Since our inception, Mama Cash has funded sex workers’ organizations. We realized that sex work was inaccurately conflated with human trafficking, that the human rights of sex workers around the world were routinely violated, and that sex workers’ organizations had very limited access to resources – particularly resources that allowed them to determine their own priorities and engage in human rights advocacy.
Recognising this gap and the need to address it led Mama Cash in 2009 to get involved in facilitating conversations between funders and activists.
In that same year Mama Cash and the Open Society Foundation’s Sexual Health and Rights (SHARP) Project, hosted a meeting called the Donor Collaboration to Advance the Health and Human Rights of Sex Workers. The meeting was intended to define issues and areas where donor attention and collaboration were needed, and to determine next steps for collaboration between donors. While sex workers were invited to share with donors their perspectives on what the donor collaborative should do, donors were most definitely in the driver’s seat.
By the time of the second meeting in 2010, sex workers had organized and were clear on what they wanted out of the process: nothing about us without us.

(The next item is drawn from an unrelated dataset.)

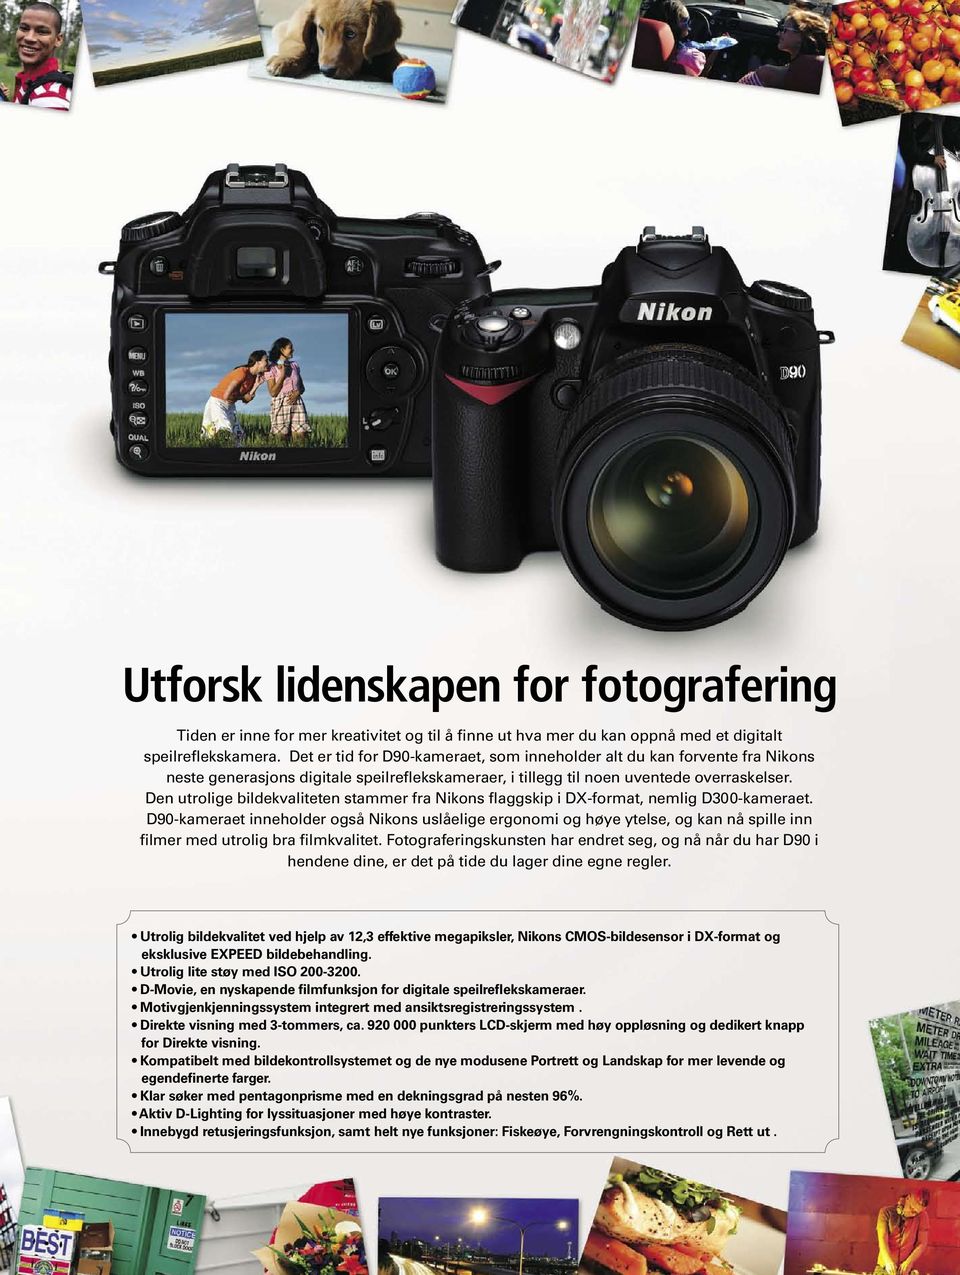 Den utrolige bildekvaliteten stammer fra Nikons flaggskip i DX-format, nemlig D300-kameraet.

Sex workers demanded that the collaboration no longer just be for donors but rather a genuine collaboration between donors and sex workers, one that would put the priorities of sex workers in the lead. They demanded that the focus of any funding should be on good funding (core, organizational support that is accessible to a range of groups, especially small organizations) and that it go to sex worker led groups, not NGOs working on sex worker rights.
They demanded that sex workers have control over how the money would be spent and that whatever emerged would contribute to building a global movement of sex workers. They were not satisfied with only being participants in the process—they demanded to be in the driver’s seat. Wow! It was impressive, humbling, scary and exciting.
The outcome was the creation and launch in 2012 of the Red Umbrella Fund (hosted by Mama Cash), a fund that gives sex workers a majority control on the International Steering Committee and an 80 [per cent control on the Program Advisory Committee. The Fund’s grantmaking has grown from €425,000 in 2012 to €725,000 in 2016 (an increase of 70 per cent), has supported over 103 organisations and networks globally, and has influenced the philanthropic sector to be more responsive to sex workers.
The story is outlined in this hot off the press report celebrating the creation of the Red Umbrella Fund. Rarely do we take time to capture our history and honestly reflect on lessons learned—so this is also groundbreaking.
We’d be lying if we said it was easy. Meetings were at times intense and difficult. I remember the donors being rightly (and routinely) chastised by sex workers about the acronyms we threw around. The donors too were not familiar with the language of activists.
Subsequently, we needed to allow time to build trust, listen to each other, and to understand each other’s worlds. Many sex worker groups had had bad experiences with donors, had felt misunderstood by them—their work was assumed to be about violence and trafficking.
Likewise some donors felt intimidated by the sex workers, did not have all the information they needed, and were afraid to ask. It was critical to have spaces only for sex workers to talk and the same for donors, as well as moments to come together and hash it out.
But in the end, it was really about donors surrendering control and about consciously choosing to trust and have faith in sex workers to pull this off. Together, they did. My hat is off to both!
Nicky McIntyre is the Executive Director of Mama Cash.